DHS acknowledges that previous administrations deliberately kept naturalization fees low, relative to other immigration benefits, in order to encourage citizenship and integration. The current administration, it says plainly, has chosen a different path. "DHS no longer believes naturalization benefit requests should get lower fees at the potential expense of other immigration benefits," the agency wrote in its proposal.

The fee hike does not arrive in isolation. It sits alongside a broader tightening of the citizenship process: a revived practice of "neighborhood checks," in which officers may speak to an applicant's neighbors and coworkers; a more aggressive reading of the long-standing "good moral character" requirement; and an expansion of efforts to denaturalize foreign-born citizens accused of obtaining status through fraud. Critics see the pieces fitting together. "The only credible explanation for jacking up citizenship fees in isolation is that Trump 2.0 is in a hurry to create even more undue barriers for legal immigrants," said Doug Rand, a former senior USCIS official, in remarks to CBS News.

What It Means in Minneapolis, Dallas and Atlanta

The United States is home to the largest Kenyan diaspora in the world — an estimated 157,000 people, concentrated in metro areas like Minneapolis, Dallas and Atlanta. Many arrived for university or work and stayed, threading their way through student visas, employment authorizations and, eventually, the green card. They are nurses and certified nursing assistants, truck drivers, software contractors, small-business owners. They are also, collectively, the single biggest source of the remittances that keep households back home afloat.

For a Kenyan couple in suburban Minnesota who both hold green cards and had planned to naturalize together, the proposed rule does not just add $570. It potentially adds more than $1,100 to a shared household goal, and removes the safety valve that lower-income filers once relied on. The applicants most exposed are precisely those for whom the old waiver existed: the family living near the poverty line, the recent widow on a single income, the young worker sending money home each month who had been saving the application fee in increments.

There is a psychological cost too. Permanent residents are not merely waiting in a longer line; in an era of intensified scrutiny and high-profile denaturalization cases, many in the diaspora describe citizenship as the only status that feels genuinely secure. Raising the toll at that final gate, advocates argue, risks leaving people stuck in a more precarious tier for longer than they intended.

A Comment Window, Not a Done Deal

It bears repeating that the proposal must still travel through the rulemaking process before it can take effect, and the 60-day comment period is a real opportunity for the public — including immigrant-rights organizations, employers and individual applicants — to weigh in. Past fee rules have been revised, delayed and, in some cases, blocked in court.

Immigration attorneys tend to give the diaspora the same practical counsel in moments like this: if you are already eligible and your paperwork is in order, the calculus may favor filing under the current fee schedule rather than gambling on what the final rule will say. Eligibility itself has not changed — most green-card holders qualify after three or five years, must pass the English and civics tests, and must show good moral character. What has changed is the price tag, and the cushion that used to soften it.

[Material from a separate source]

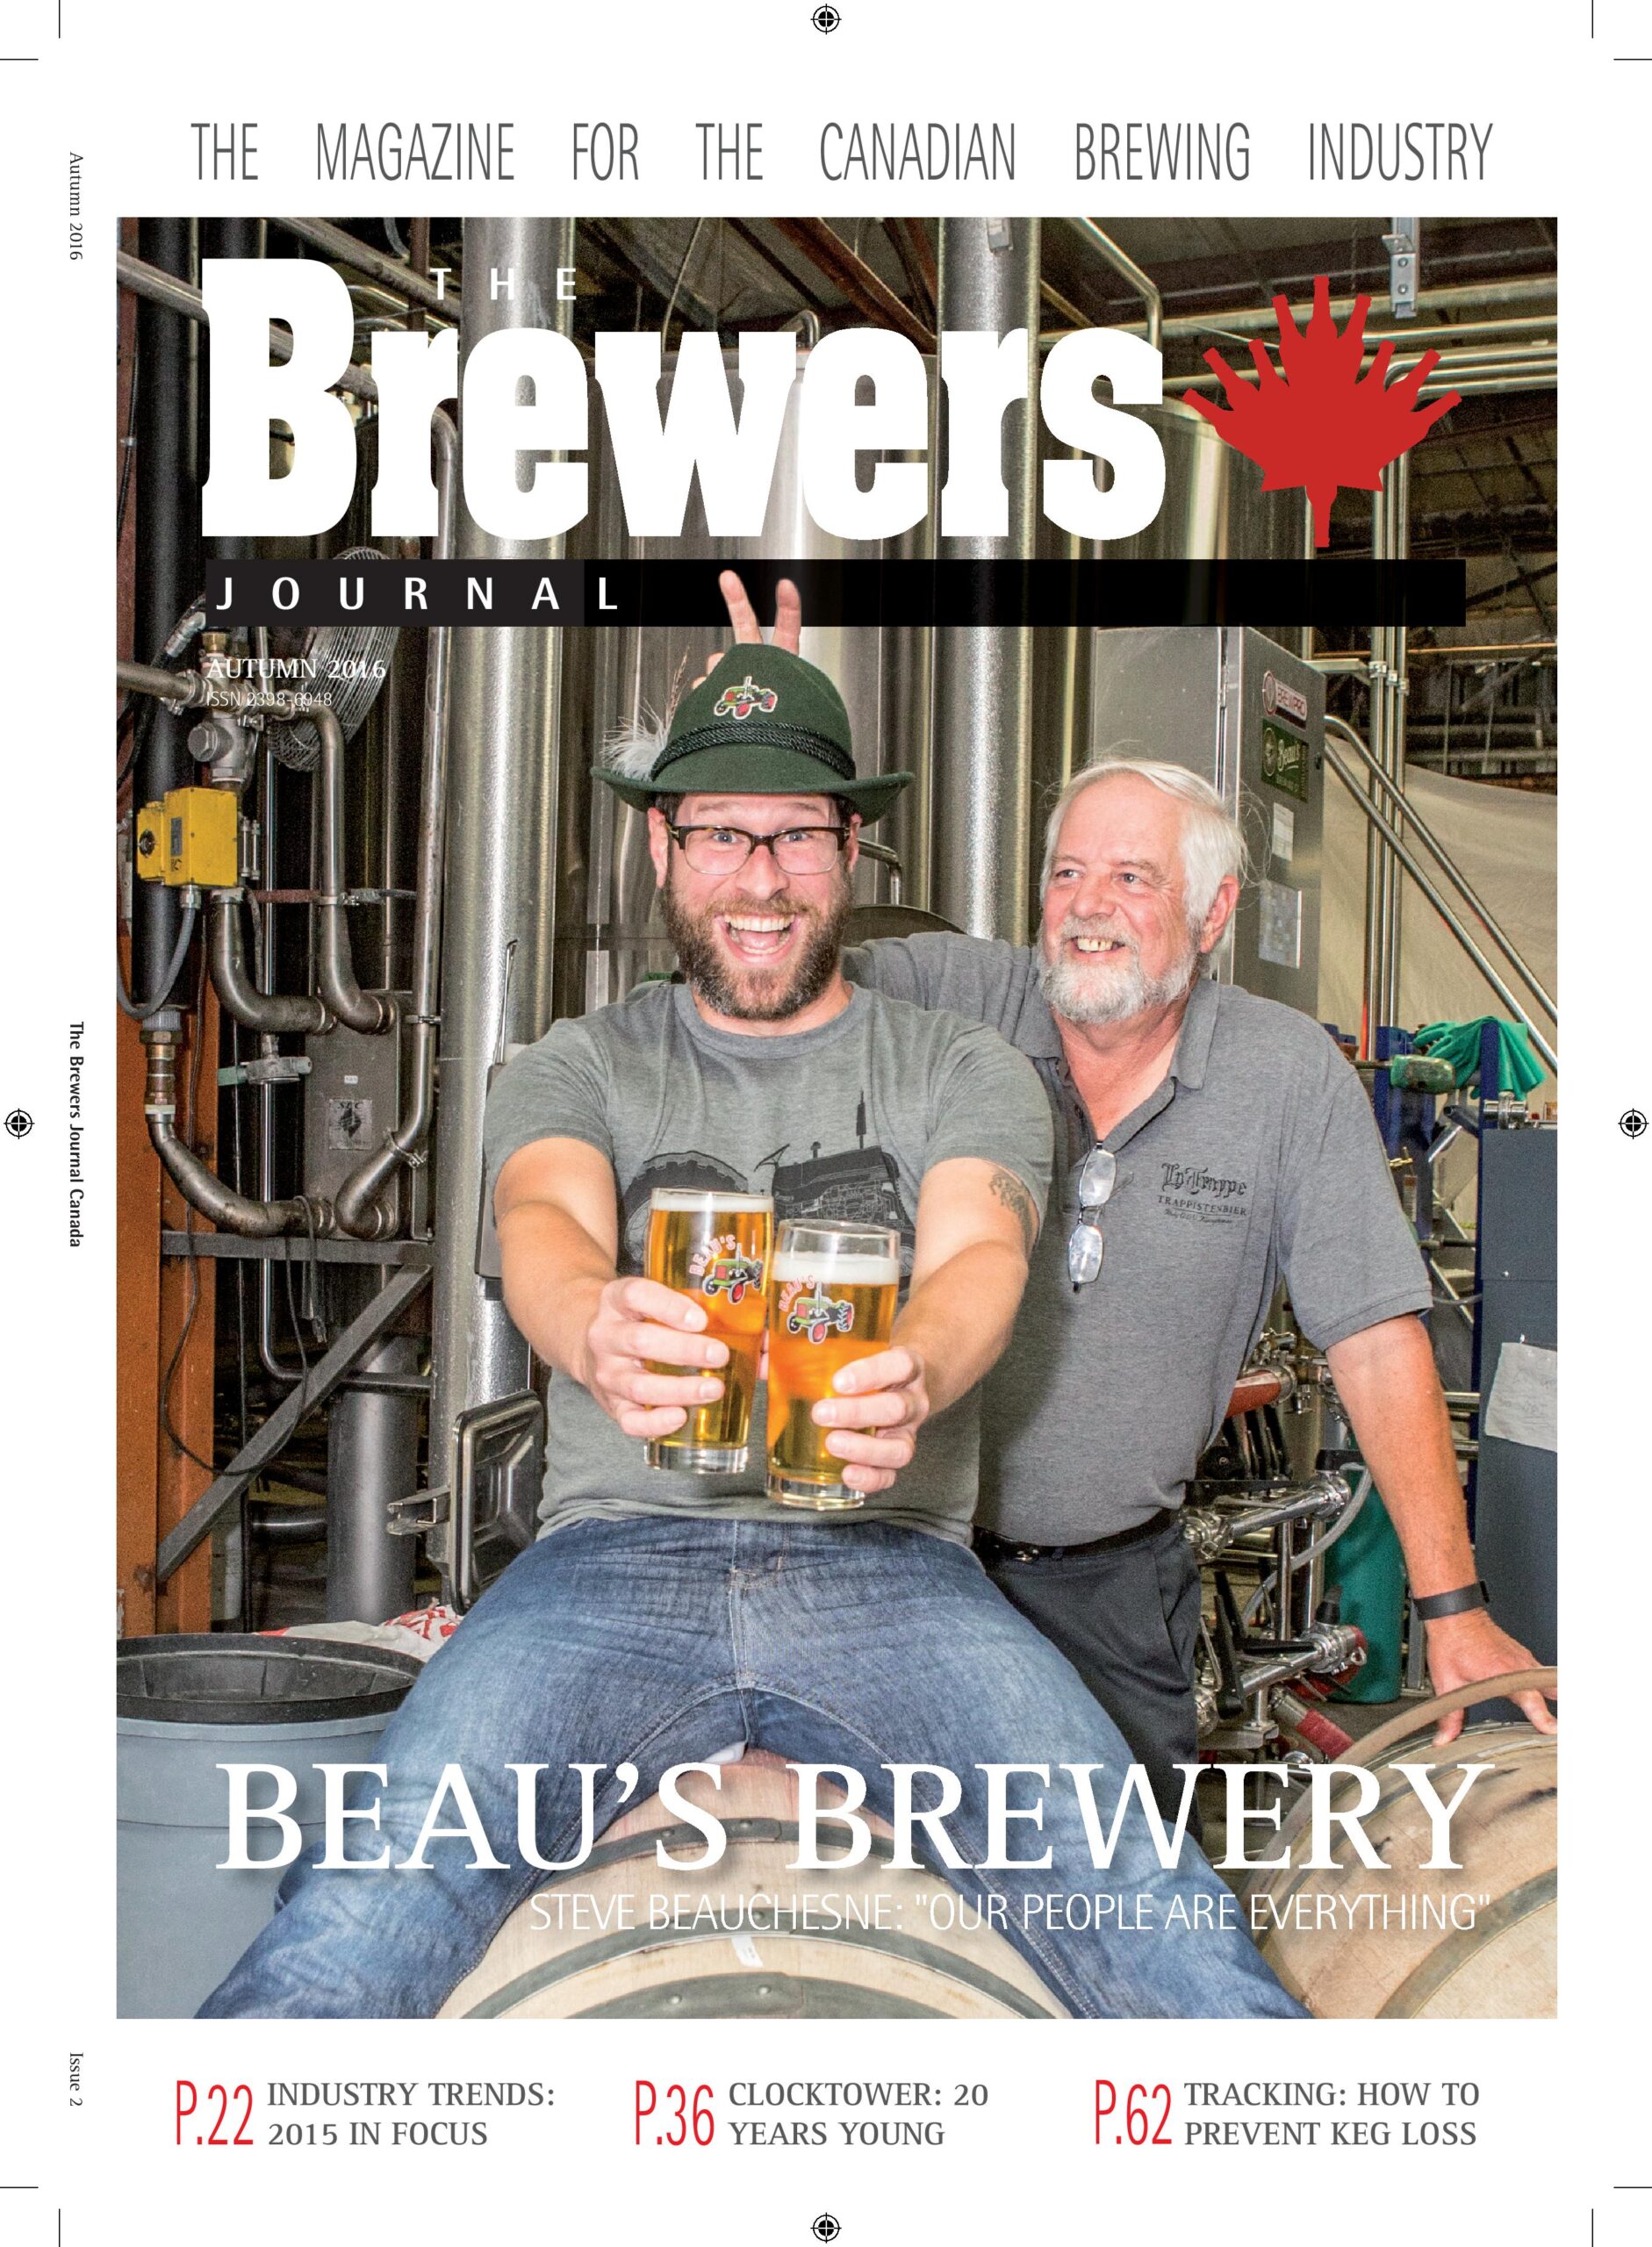 Nameless-Productions© Brewers-Journal-Canada-Fall 2016

The Quiet Math of Citizenship

In the end, the debate over a few hundred dollars is really a debate about who gets to belong, and how easily. For the Kenyan diaspora in America, naturalization has never been only about a passport. It is about voting in the country where one's children are growing up, about the freedom to leave and return without fear, about sponsoring a parent or sibling still in Nairobi or Eldoret, about no longer feeling that one's place is provisional.

The proposed rule does not close that door. But it makes the threshold higher, and it does so quietly, in the language of cost recovery and Federal Register notices rather than headlines. Somewhere in Minneapolis tonight, a form is still sitting on a kitchen table. The question its owner now has to answer is no longer simply whether they are ready — but whether they can still afford to be.